PANGANDARAN JAWA BARAT - Masyarakat yang tergabung dalam Rakyat Pangandaran Bergerak melaporkan dugaan keterlibatan anggota Dewan Perwakilan Rakyat Daerah (DPRD) Kabupaten Pangandaran dalam promosi investasi bodong melalui aplikasi MBA, Jumat (20/2/2026).
Koordinator Rakyat Pangandaran Bergerak, Tian Kadarisman, menyebut dugaan itu sebagai bentuk pengkhianatan terhadap marwah lembaga legislatif.
Ia mengatakan pihaknya mendatangi gedung dewan dengan membawa sejumlah bukti yang diklaim menunjukkan adanya degradasi moral dan pelanggaran etika sistemik oleh oknum anggota dewan.
"Berdasarkan fakta lapangan, kami menemukan indikasi tiga peran oknum Anggota DPRD inisial D, YR dan ENF diduga telah mengkhianati mandat rakyat demi keuntungan pribadi, ketiga orang tersebut berperan sebagai promotor atau affiliator yang secara aktif mempromosikan investasi MBA di ruang publik, " Ungkapnya.
Menurutnya, tindakan itu melanggar Pasal 4 ayat (12) dan Pasal 14 Kode Etik DPRD yang melarang anggota dewan mencari keuntungan pribadi dengan memanfaatkan jabatan.
Peran kedua, lanjut Tian, adalah sebagai penjamin legitimasi.

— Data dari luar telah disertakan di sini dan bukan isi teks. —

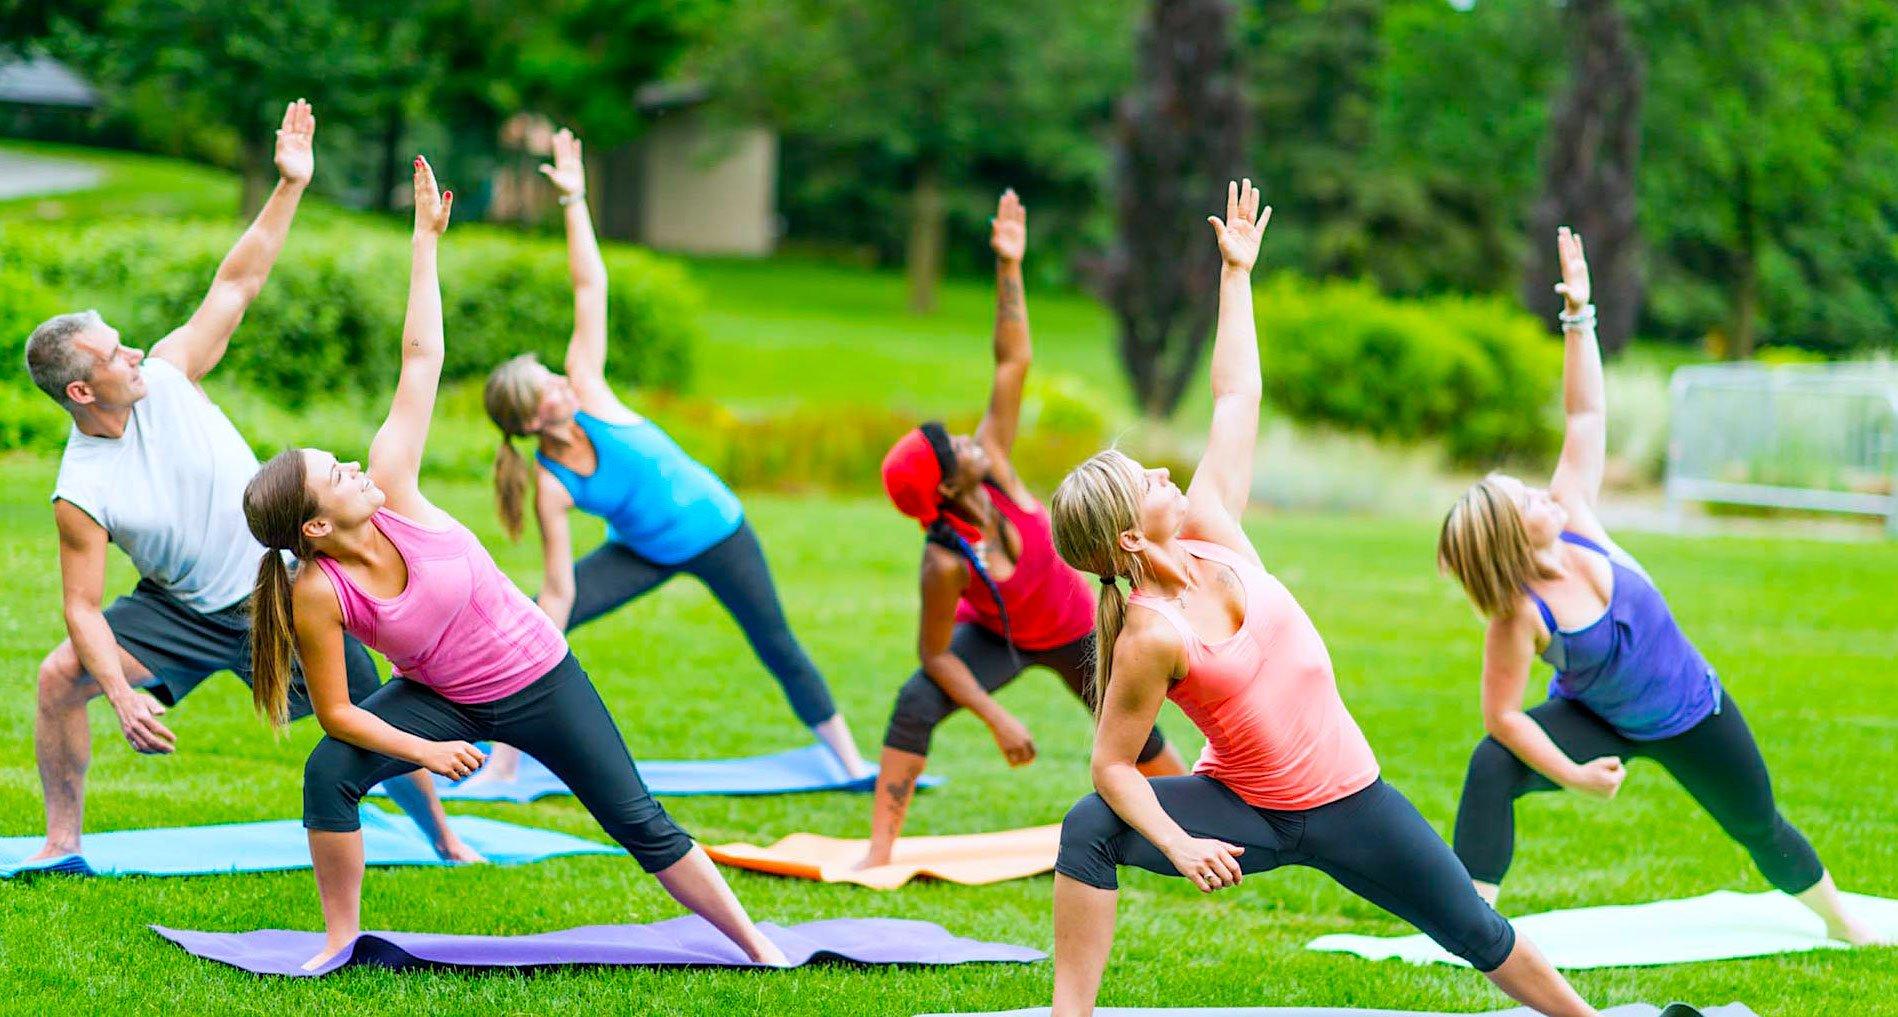 картинка фитнес на улице публикации

Oknum tersebut diduga menggunakan status sebagai anggota dewan untuk meyakinkan masyarakat bahwa investasi itu aman.

"Jelas, ini bentuk pelanggaran terhadap prinsip integritas dan kejujuran, " katanya.

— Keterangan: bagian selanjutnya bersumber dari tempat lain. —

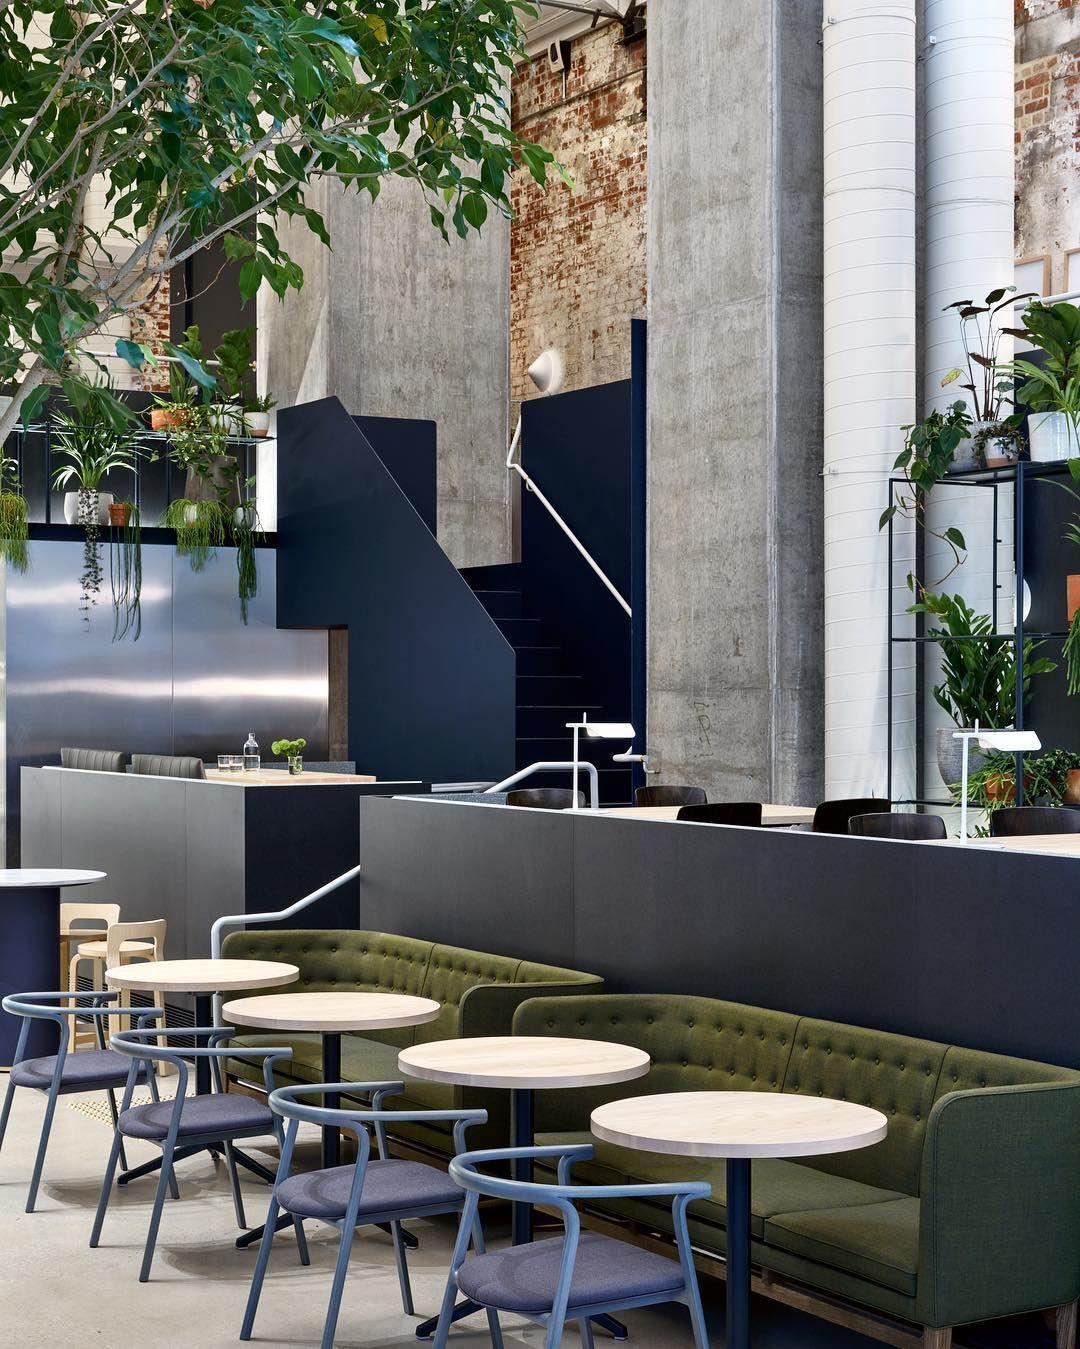 650 little bourke street melbourne new melbourne cafe for Innendekoration restaurant

Sementara peran ketiga adalah sebagai pembiar. Oknum ini disebut mengetahui adanya dugaan ketimpangan, namun memilih diam.
Bahkan, terdapat indikasi perekrutan anggota baru secara masif, mulai dari lingkungan keluarga hingga masyarakat luas, demi mengejar target dan komisi.

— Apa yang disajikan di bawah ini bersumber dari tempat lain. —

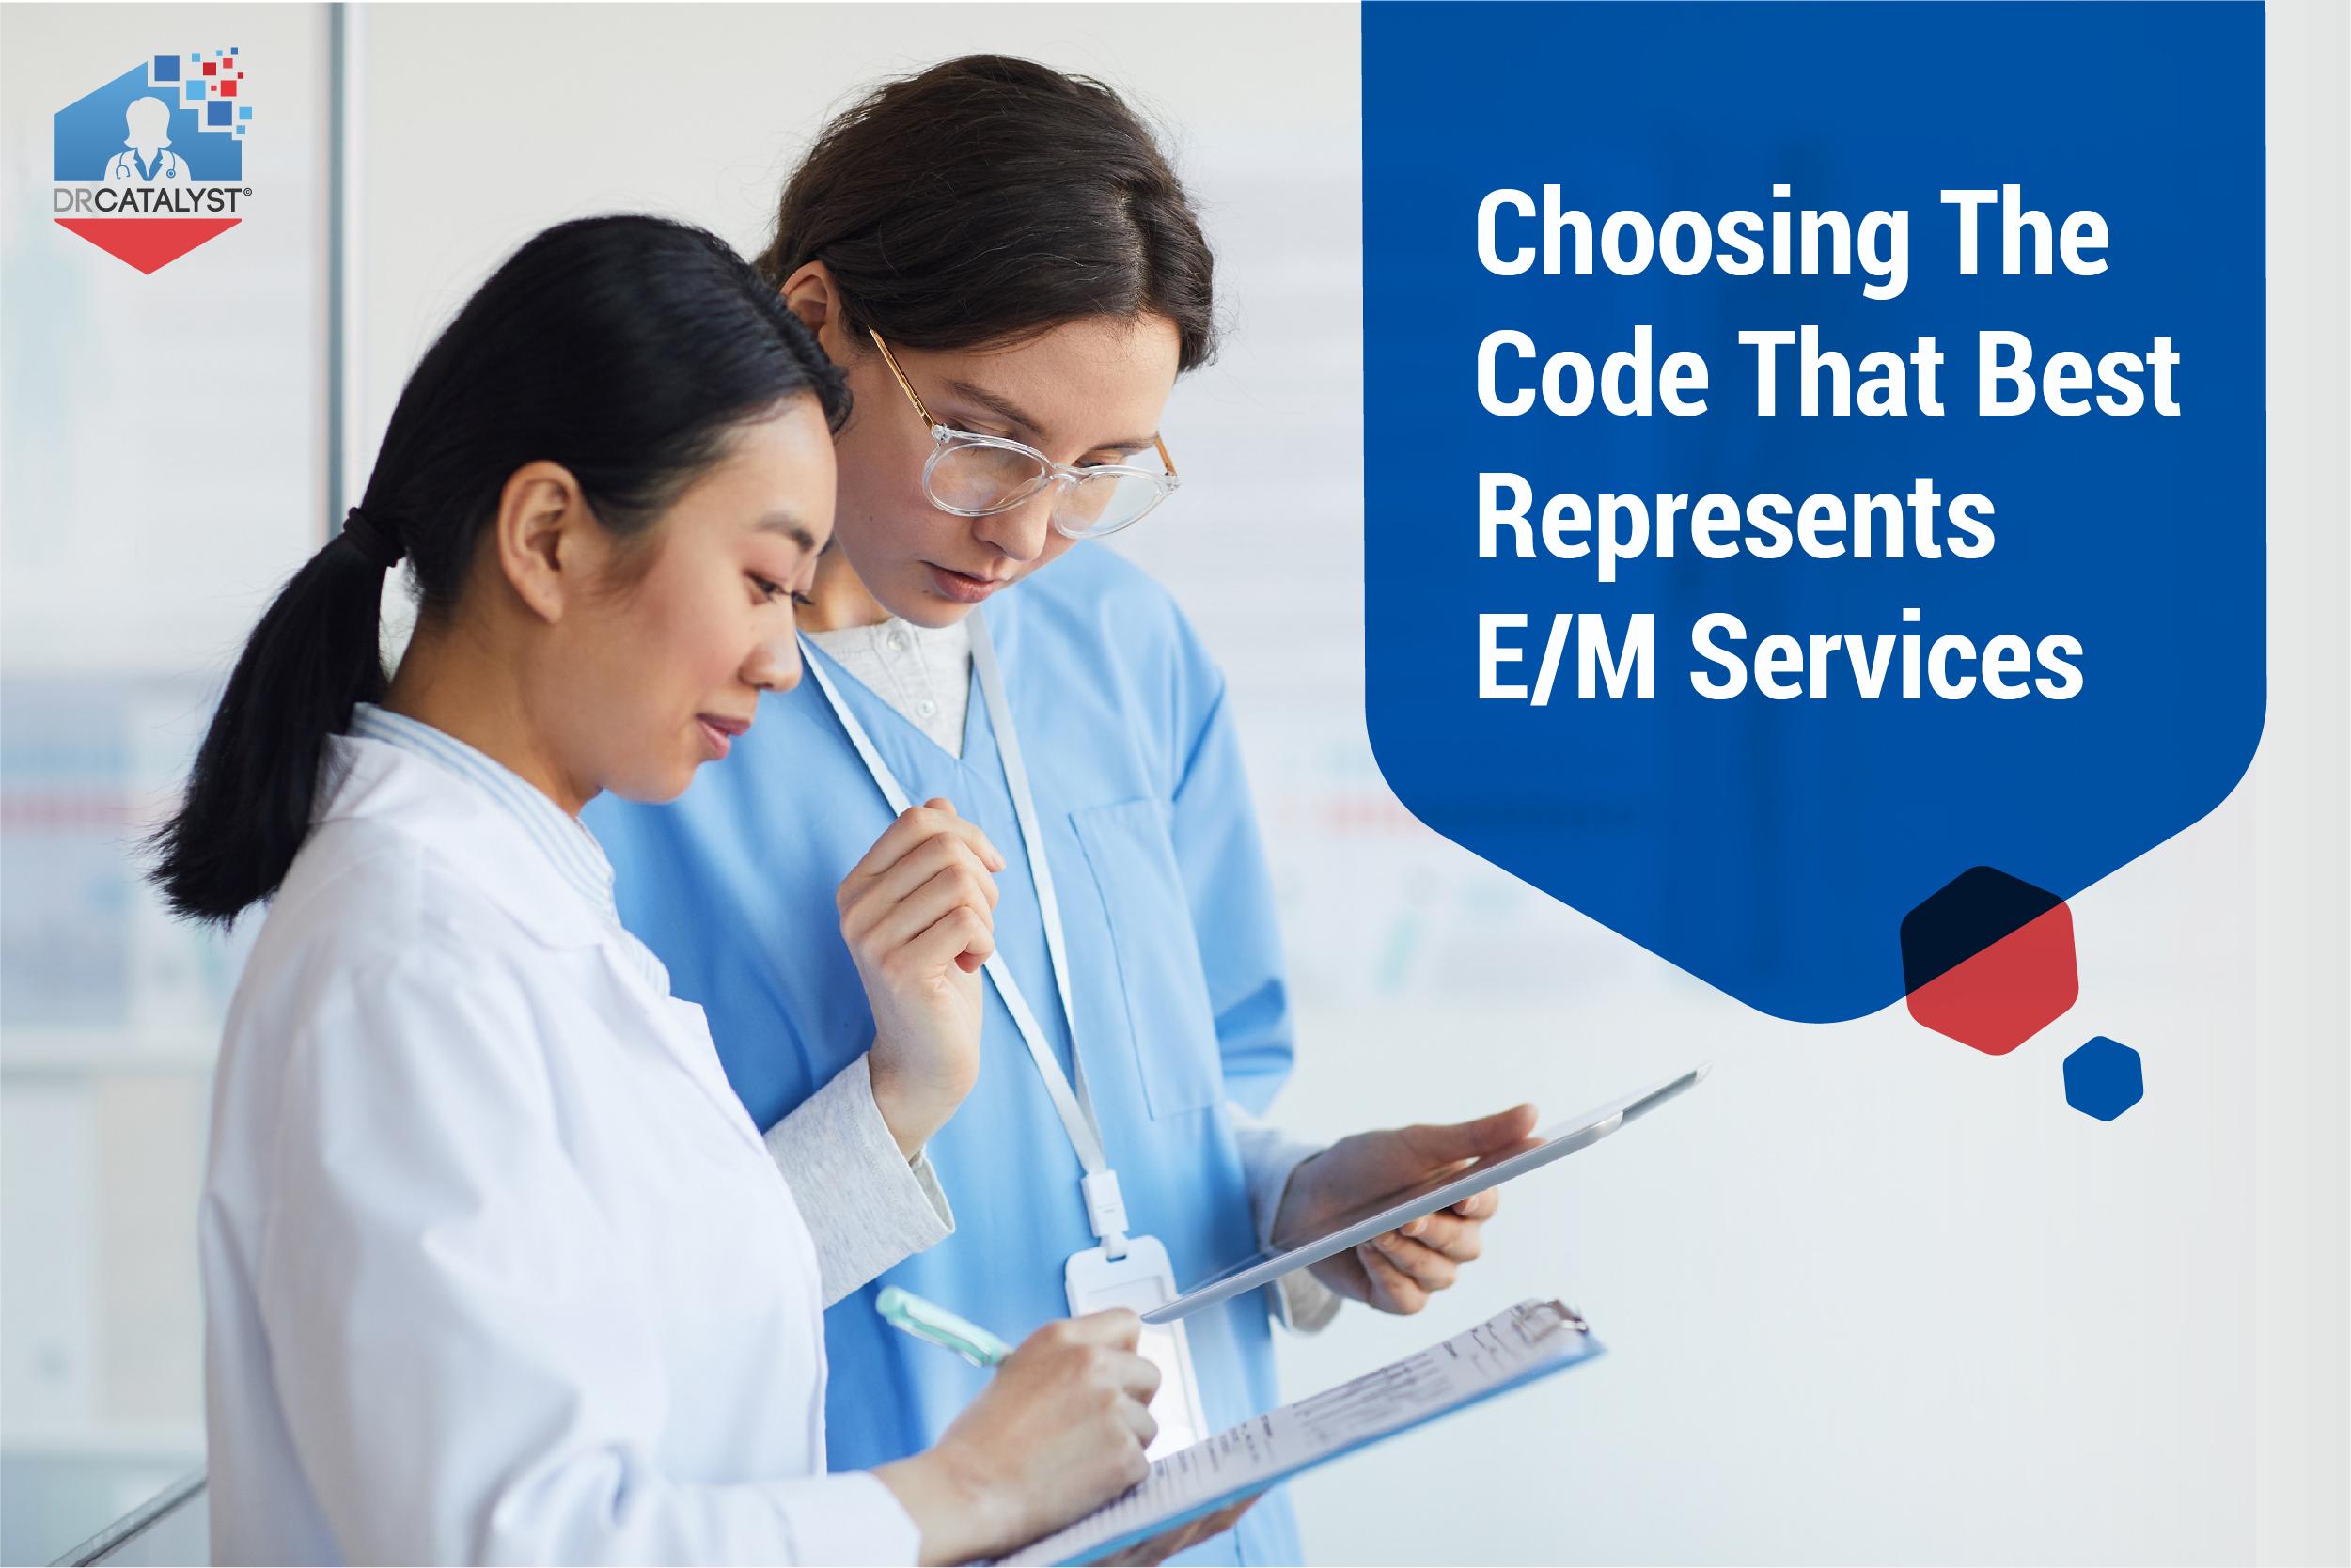 E/M Services

Tian pun merujuk Pasal 5 Peraturan DPRD Nomor 2 Tahun 2020 tentang Kode Etik yang mewajibkan anggota dewan bersikap responsif terhadap penderitaan rakyat.
Ia mendesak oknum yang terlibat untuk mengundurkan diri sebagai anggota DPRD Kabupaten Pangandaran.
"Jika tidak ada itikad baik untuk mundur, kami menuntut Badan Kehormatan segera memeriksa bukti dan memanggil pihak terkait tanpa menunda. Pelanggaran etika sudah nyata, " ucap Tian.
Tian pun meminta Badan Kehormatan merekomendasikan sanksi berat sesuai Pasal 17 Peraturan Nomor 2 Tahun 2020 apabila terbukti melanggar.
Menanggapi laporan tersebut, Ketua DPRD Kabupaten Pangandaran, Asep Noordin mengatakan mekanisme penanganan sudah diatur dalam tata tertib dan kode etik DPRD.
Ia pun mendorong Badan Kehormatan segera melakukan rapat dan konsolidasi untuk membahas aduan yang disampaikan.
"BK harus menghimpun informasi sebagai bahan untuk menindaklanjuti laporan, " ujarnya.
Ia pun mendukung langkah aparat penegak hukum dalam mengusut kasus investasi MBA untuk memastikan ada atau tidaknya unsur pidana maupun perdata.
Selain itu, Asep meminta Otoritas Jasa Keuangan meningkatkan edukasi keuangan kepada masyarakat serta mendorong program pemulihan ekonomi.
Menurutnya, kasus MBA tidak hanya terjadi di Pangandaran, tapi juga di sejumlah daerah lain dan berdampak sosial maupun psikologis.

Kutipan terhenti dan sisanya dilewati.